Opus Development Co. executives said they are now planning two residential towers with 30 floors or more on what’s called the Ritz block, which fronts Nicollet Mall between 3rd and 4th Streets.
The plan is a departure from an earlier proposal to build offices and housing on the block, which is currently a surface parking lot. But with Nic on Fifth already 45 percent leased just days after opening, Opus executives are betting that more housing is the way to go.
“Our success at the Nic thus far helped guide this decision,” said Nick Murnane, real estate manager for Opus.
At the Ritz block, where a Sheraton-Ritz hotel stood until 1990, Murnane and Dave Menke, president of Opus Development, said they’d like to start with a tower along the Nicollet Mall side, then build another on the Marquette Avenue side when demand warrants.
They are unsure whether the towers will hold condominiums, apartments, or a combination. The company is still working through the design phase and hasn’t submitted plans to the city.
They intend for the first tower to have one skyway connection to the Hennepin County Library across Nicollet and one across 4th to the new Xcel Energy headquarters, which is going up between Nic on Fifth and the Ritz block. “Our goal is to transform the north end of Nicollet Mall,” Murnane said.
Despite growing concerns about the durability of the rental market downtown, the Twin Cities had the fourth-lowest vacancy rate in the nation, according to a report released last week by Cassidy Turley. At the end of the April-to-June quarter, the average vacancy rate in the seven-county metro area was 2.8 percent, up slightly from the previous quarter.
“Construction hasn’t caught up with demand yet, and that speaks to how healthy our market is as a whole,” said Julie Lux, at Cassidy Turley. “And lots of people want to get into this market.”
Investors are particularly bullish on suburban rental projects where there’s been very little new construction.
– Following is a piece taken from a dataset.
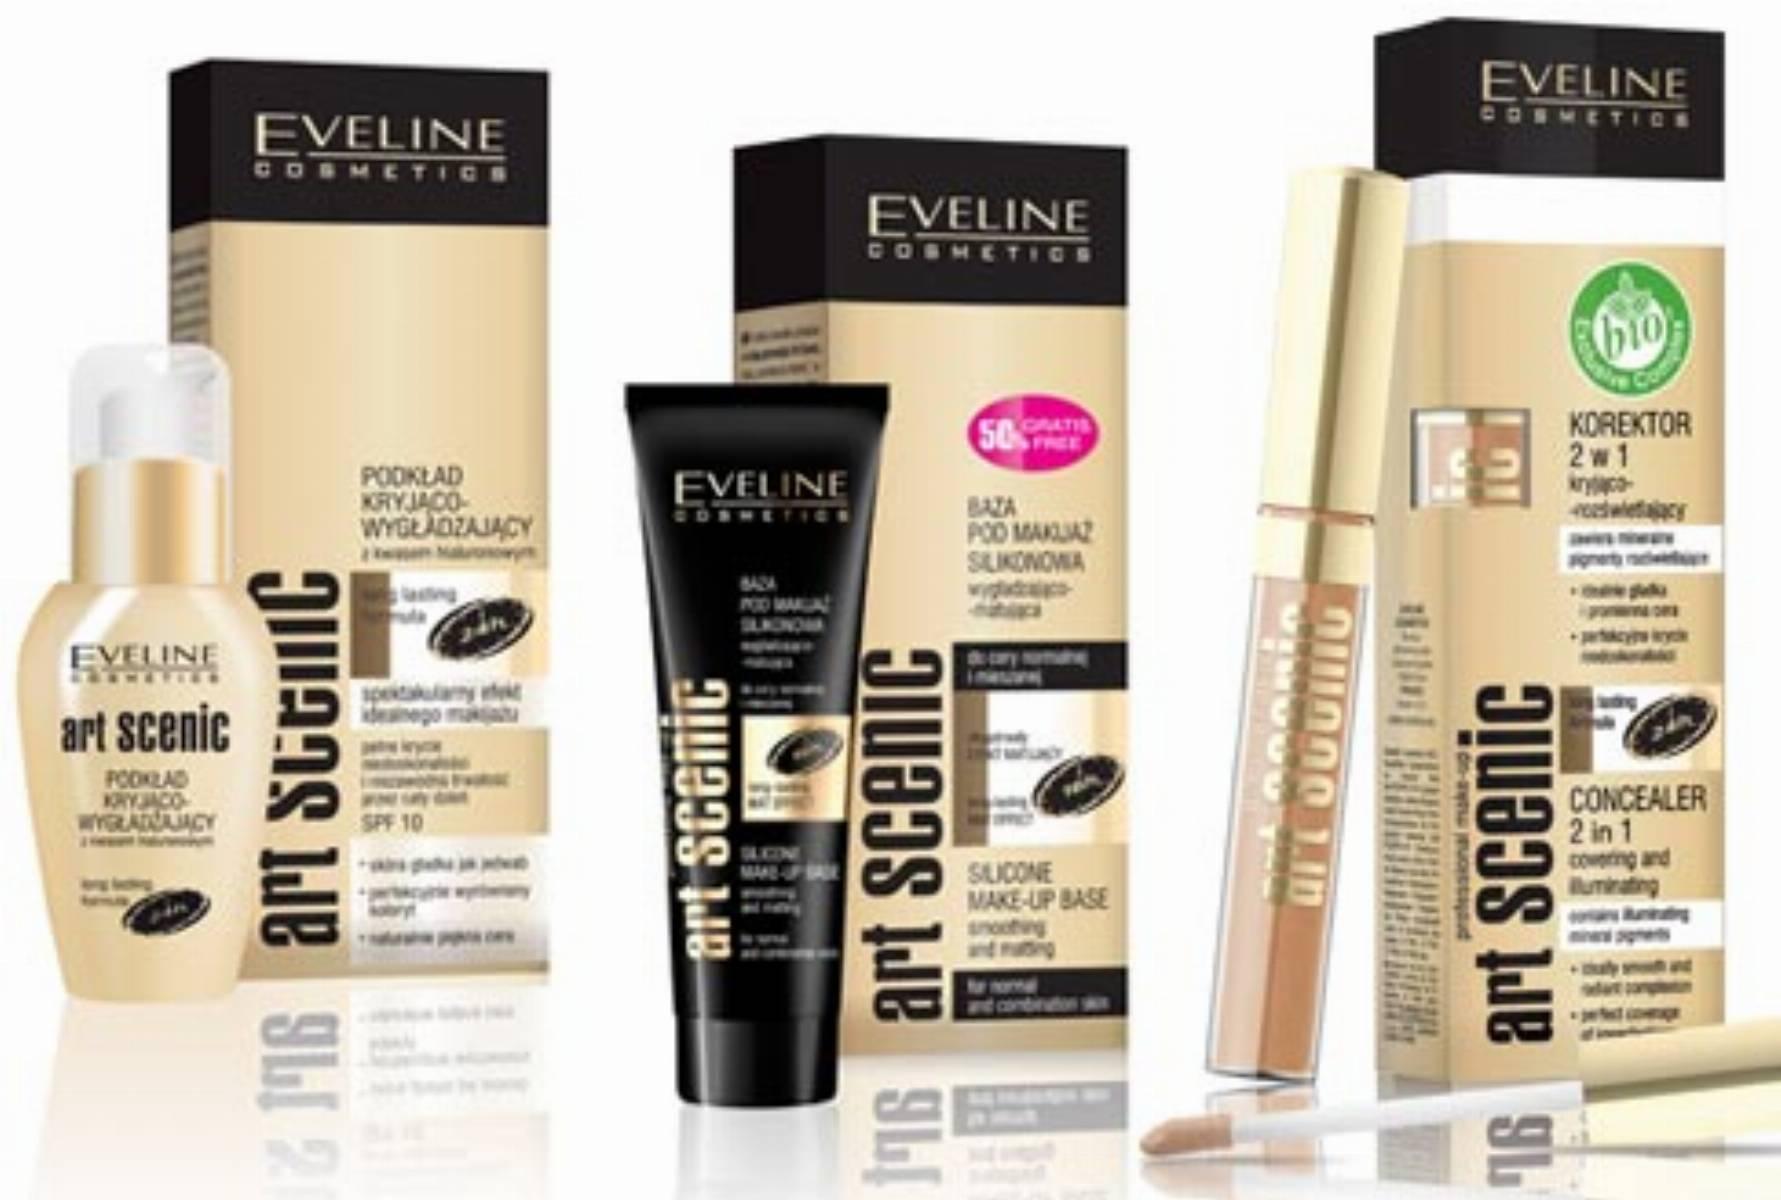 Eveline Cosmetics - seria Art. Scenic

Lux recently listed a 200-unit building in Eagan and already had more than 20 showings. “We have people flying in from all over the country to look at it,” she said. “And it’s not going to be a bargain.”
Even so, there are some weakening signs in the rental market. In areas such as Uptown where several buildings opened within a short time, the market has softened and would-be renters are being offered concessions, including a free month’s rent, parking and other perks.
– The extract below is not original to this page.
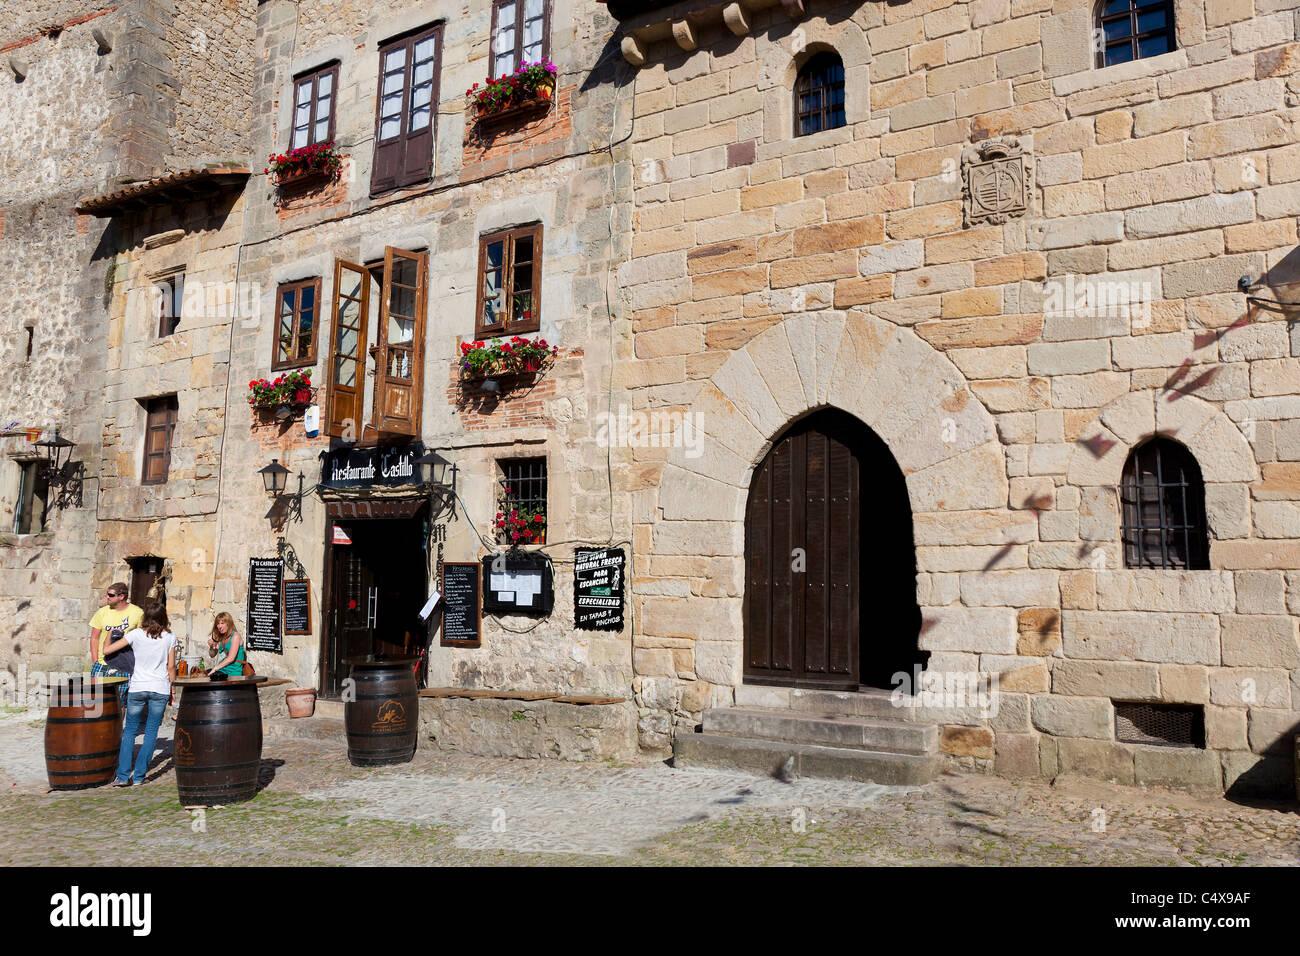 Square of Santillana del Mar, Cantabria, Spain - Stock Image

Mary Bujold, president of Maxfield Research, expects vacancy rates to pop up to 7 percent by sometime late next year or in early 2016, though that is still relatively low by industry standards.
Nationwide, demand for multifamily units has exceeded development for the last 3½ years, according to the Cassidy Turley report. So, despite fears of overbuilding, there’s plenty of economic and demographic evidence multifamily fundamentals will remain strong.
The Nic on Fifth and several other buildings, including a tower that’s being built next door by Mortenson Construction, are remaking an area of downtown called the Gateway District. Within a four-block area, there are now more than 1,000 new apartments, not including the two new proposed towers by Opus.
Also last week. a Chicago-based developer hosted the grand opening at LMP Apartments, a 36-story luxury tower several blocks south along the Nicollet Mall along on the edge of Loring Park.
And on Friday, Minneapolis granted development rights for a parcel to Ryan Cos., which plans to build several hundred apartments atop a parking ramp in the Downtown East development next to the new Vikings stadium.